+++ Stored data +++

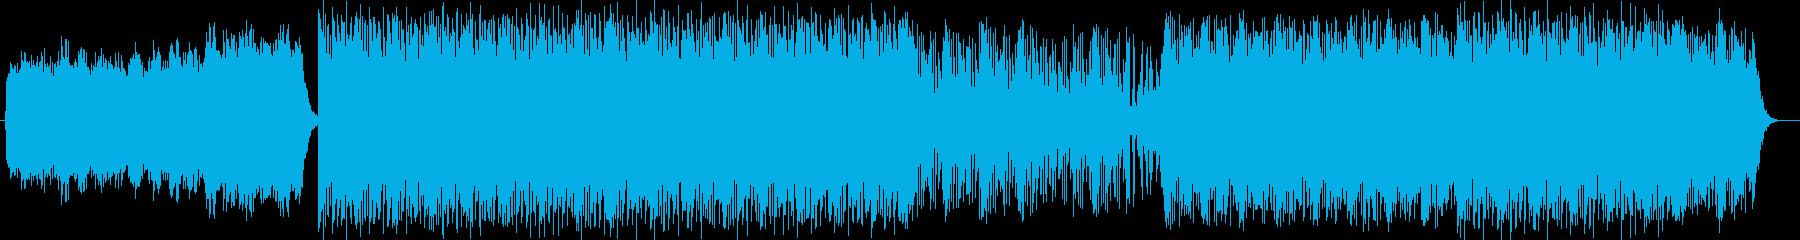 不思議な浮遊感疾走感のあるテクノの曲の再生済みの波形
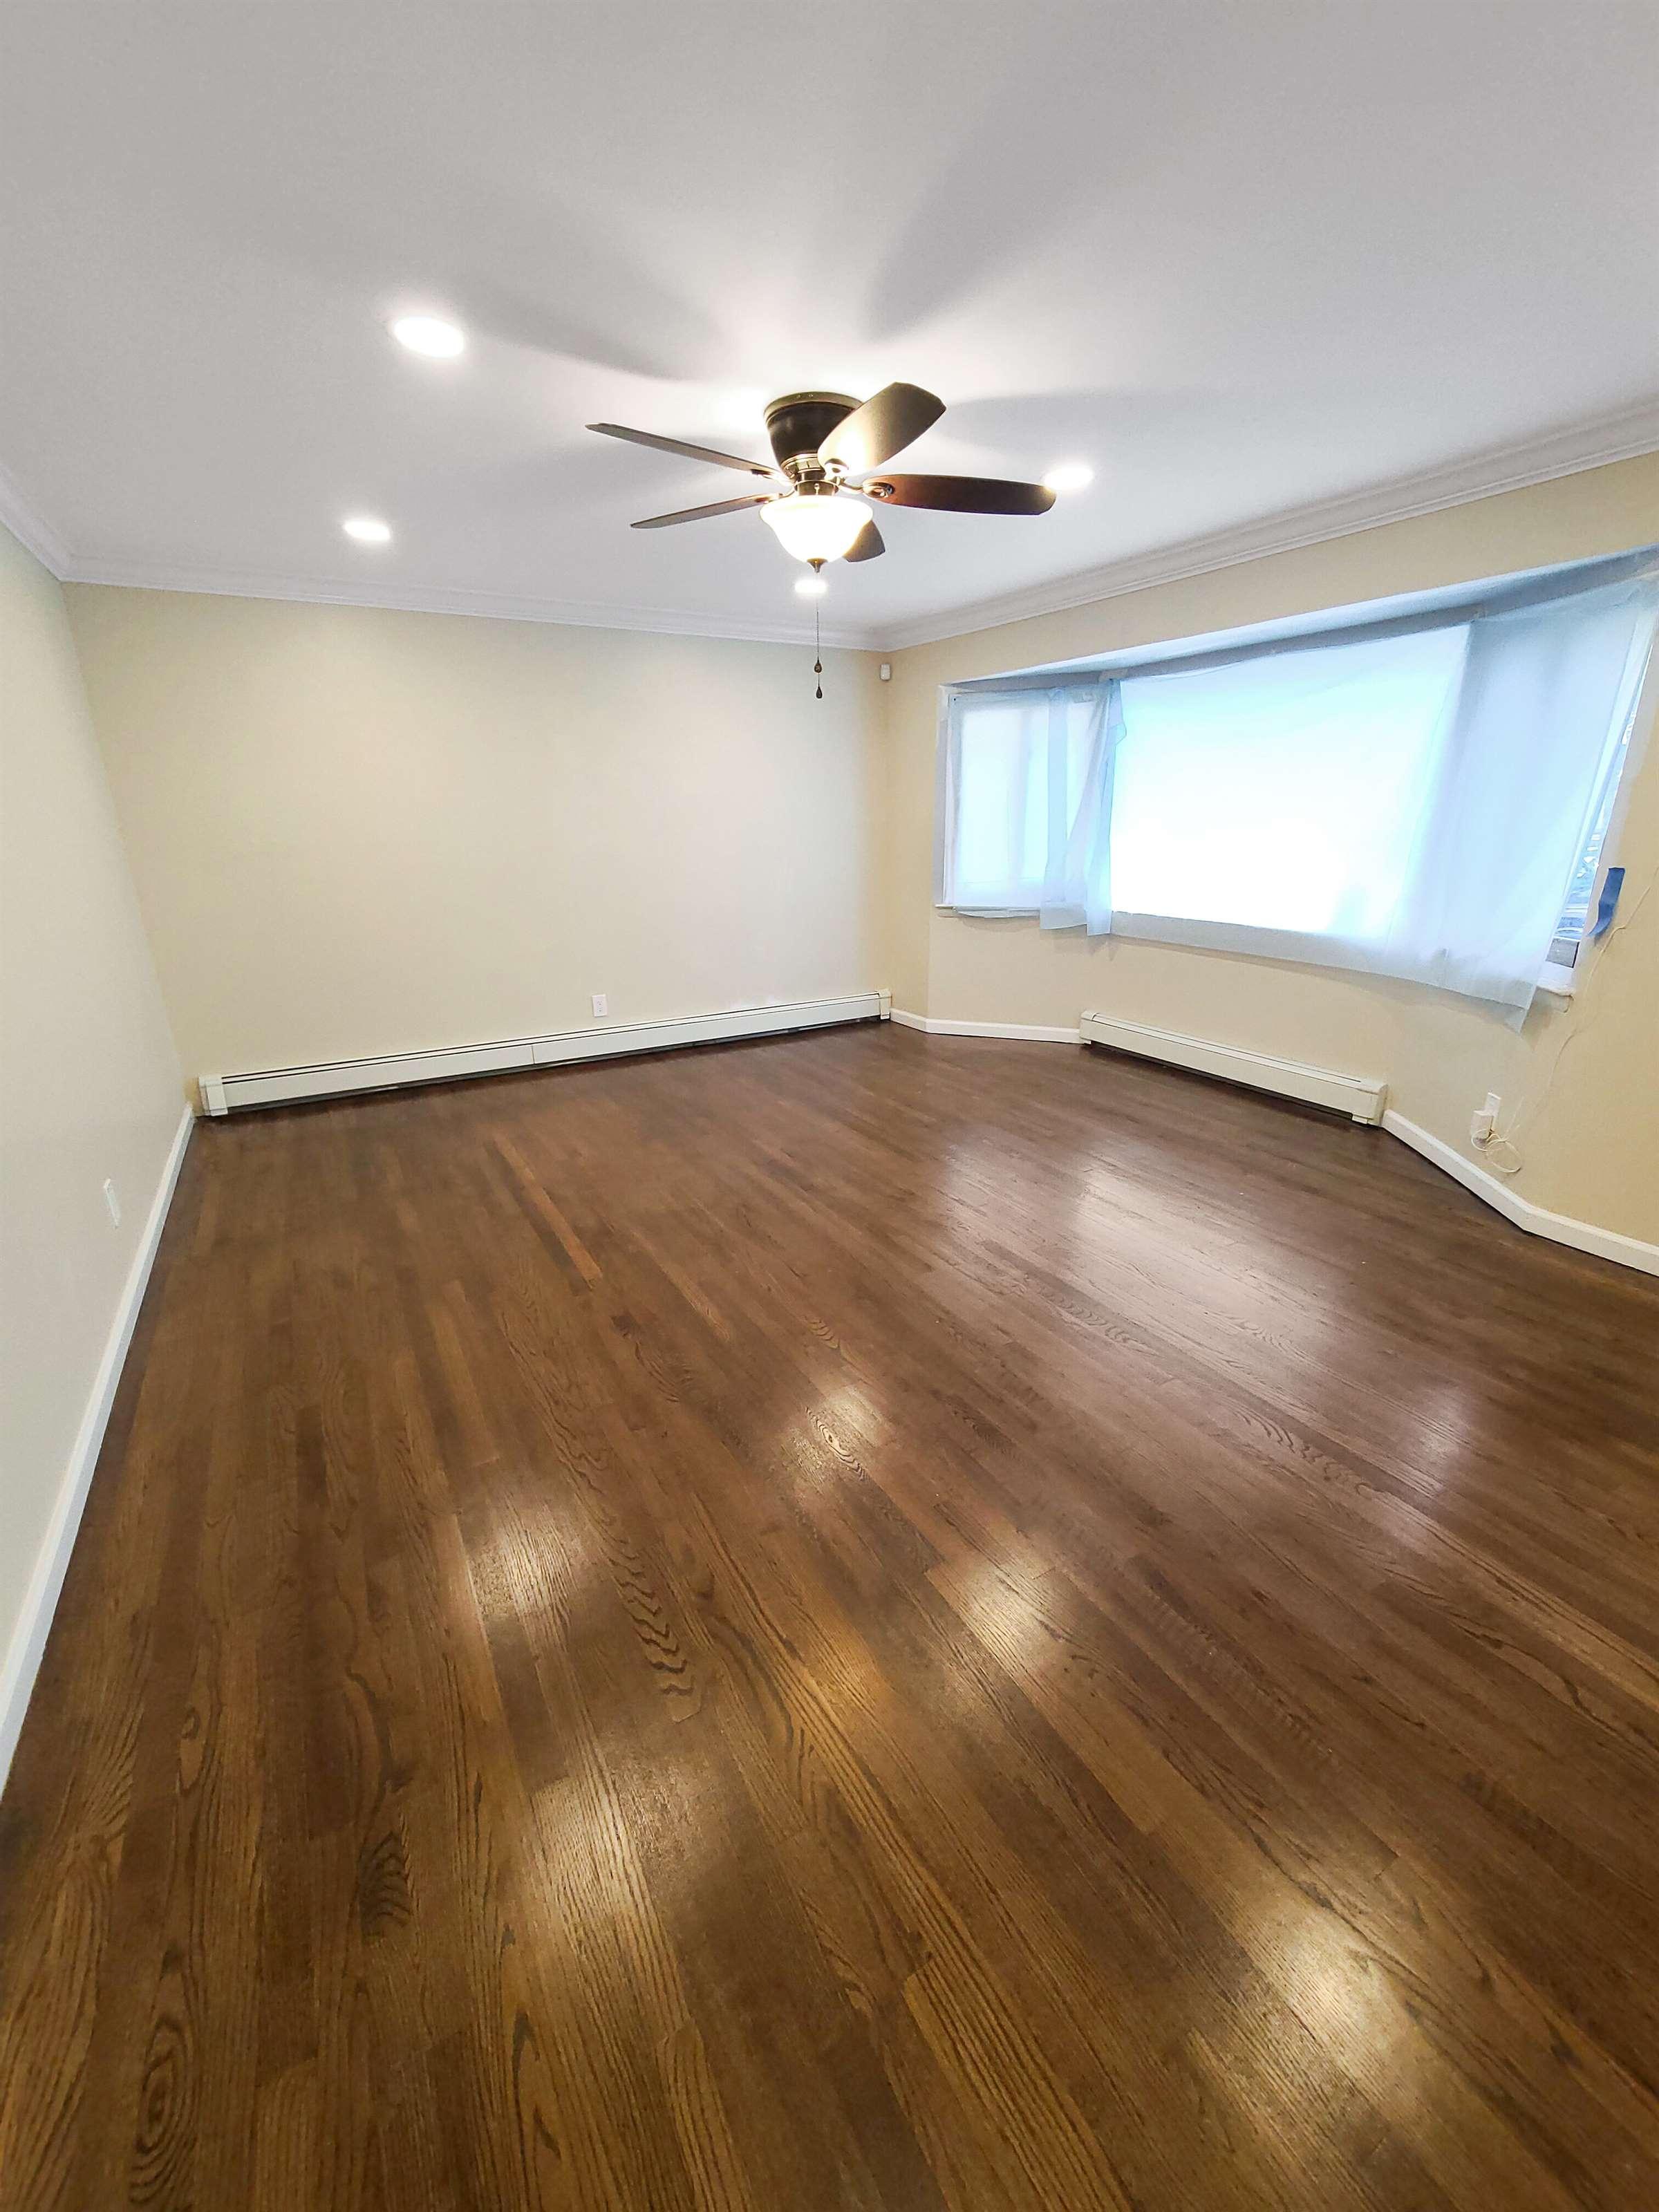 227 Nicolls Road, Wheatley Heights, NY 11798
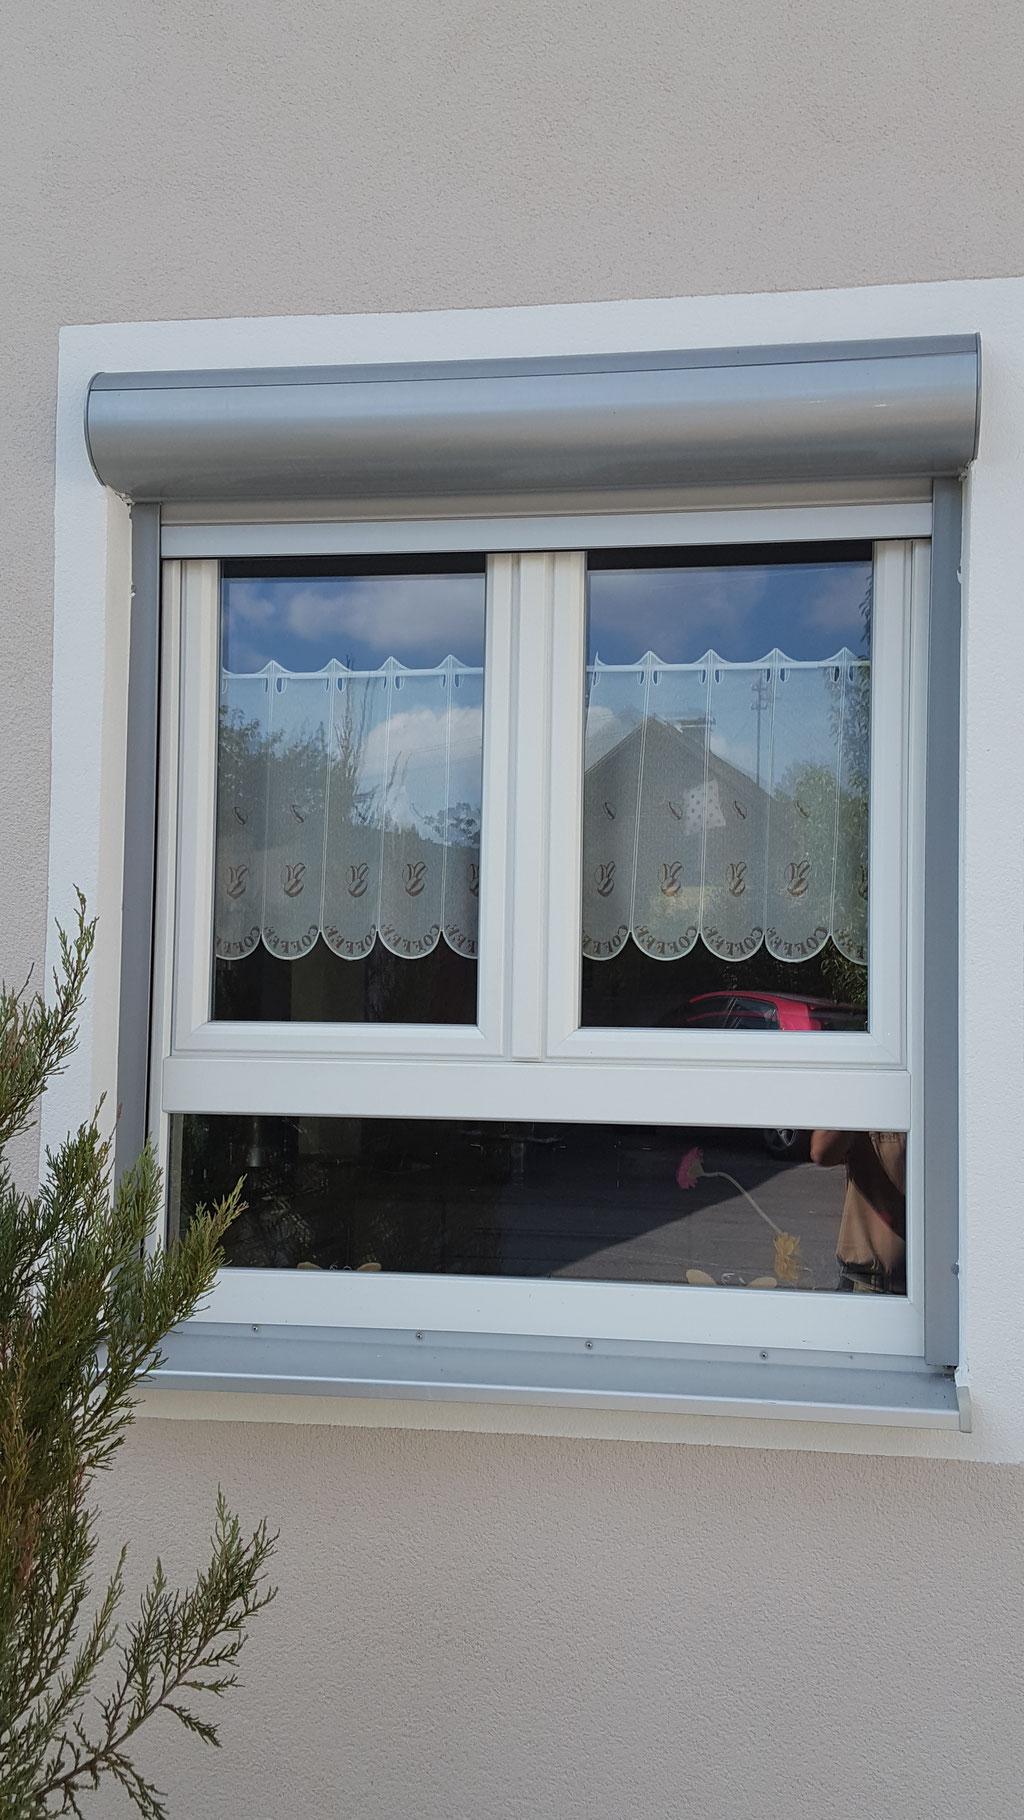 Fenster-Kunststoff unten fix

+++

* [Aim of the task]
Everything in the data above, apart from the pictures, should be retyped exactly.

* [Solution to this problem]
 不思議な浮遊感疾走感のあるテクノの曲の再生済みの波形
 227 Nicolls Road, Wheatley Heights, NY 11798
 Fenster-Kunststoff unten fix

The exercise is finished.